Updated February 2008
Guideline: Where the tumour is operable, surgical resection is the treatment of choice. Radical radiation treatment, however, may be considered when the patient refuses surgery in otherwise operable situations, or when the patient is medically unfit for thoracotomy.
Level of Evidence: III
Grade of Recommendation: B
The terms "unresectable" and "inoperable" are not synonymous. The former applies to the tumour; the latter applies to patient factors that preclude resection. Although surgery is standard treatment for potentially curable non-small cell lung cancer, radical radiotherapy may provide a reasonable alternative in the following circumstances:
- High risk of general anaesthesia.
- Inoperability because of limited pulmonary reserve.
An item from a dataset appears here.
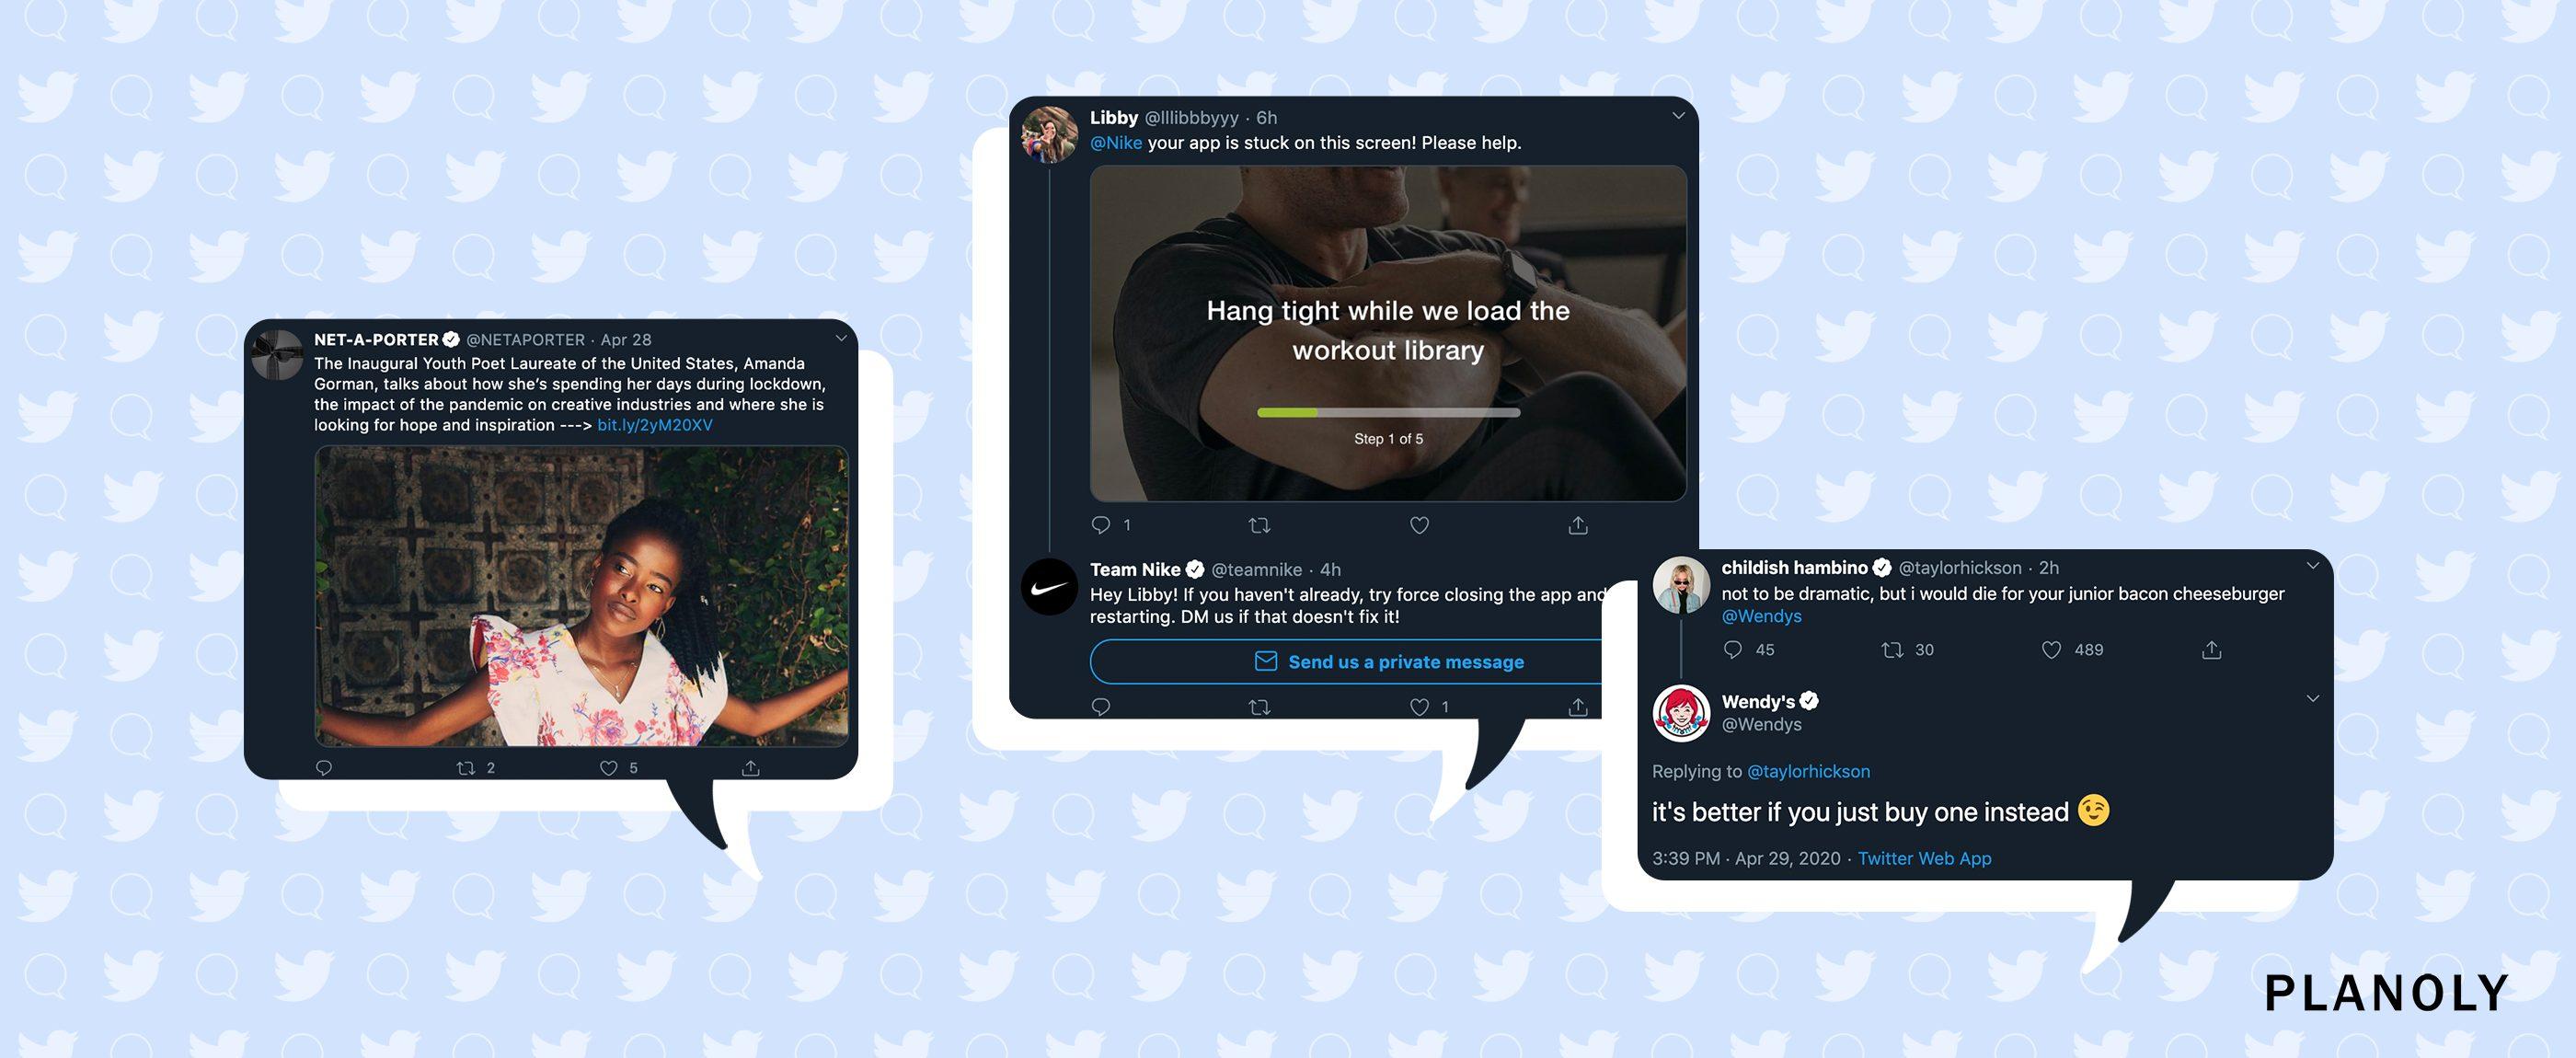 PLANOLY-Blog-Post-Twitter-Marketing-Strategies-Banner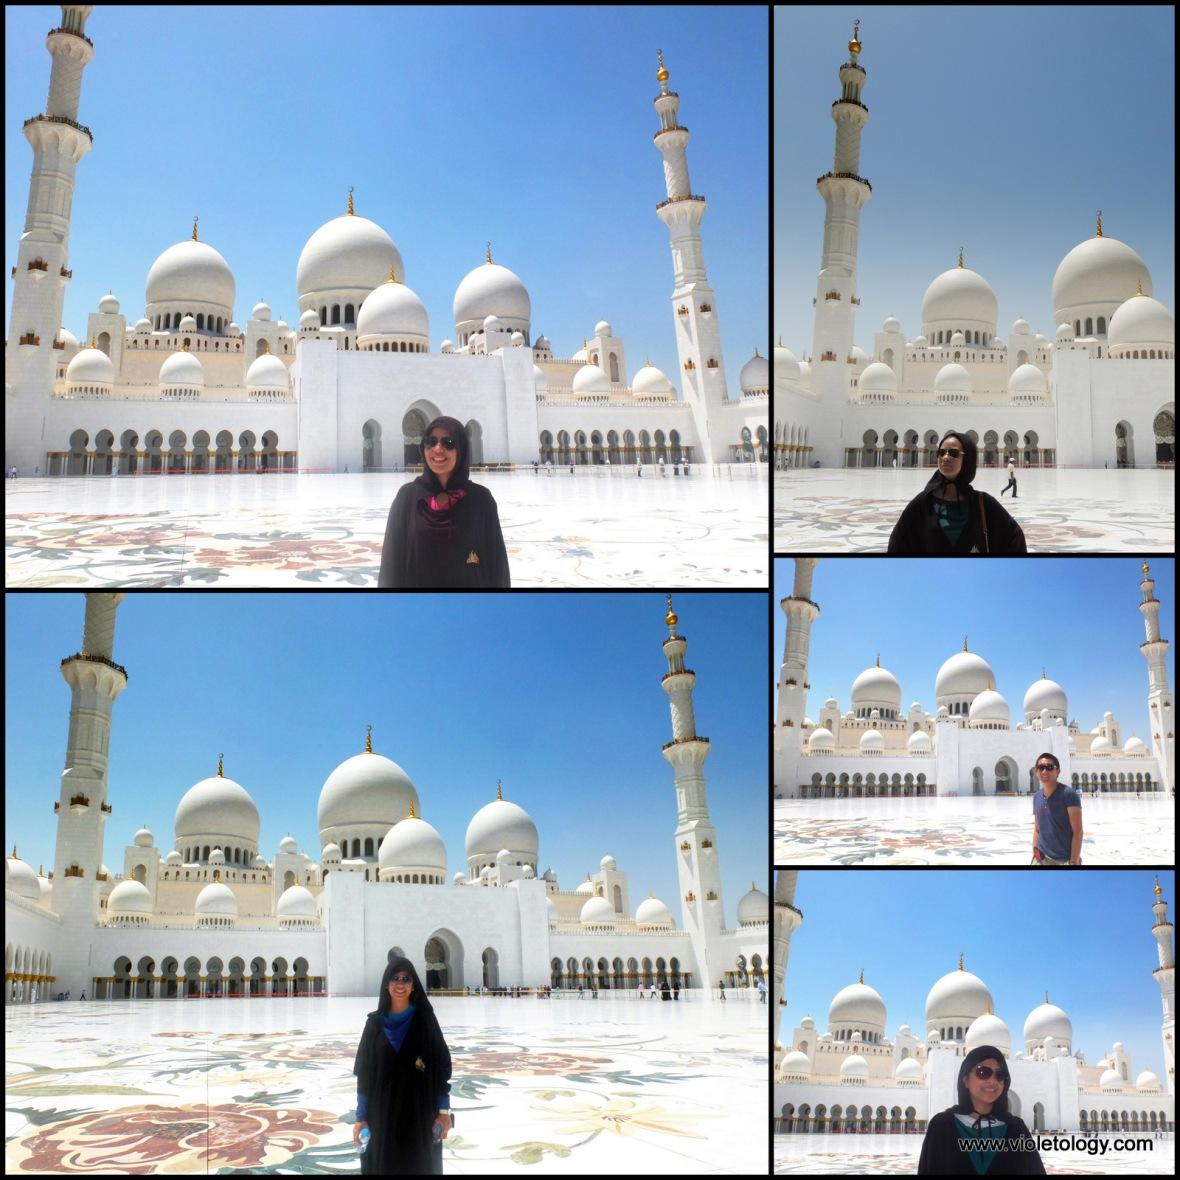 Abu Dhabi Mosque (13)

- Patient's refusal of surgery.
Patients may not tolerate radical radiotherapy due to poor pulmonary function, and possibly those with significant collagen vascular disease. Some of these patients may still benefit from palliative treatment (see sections below).
Armstrong JG, Minsky BD. Radiation therapy for medically inoperable stage I and II non-small cell lung cancer. Cancer Treat Rev 1989;16:247.
Coy P, Kennelly GM. The role of curative radiotherapy in the treatment of lung cancer. Cancer 1980;45:158.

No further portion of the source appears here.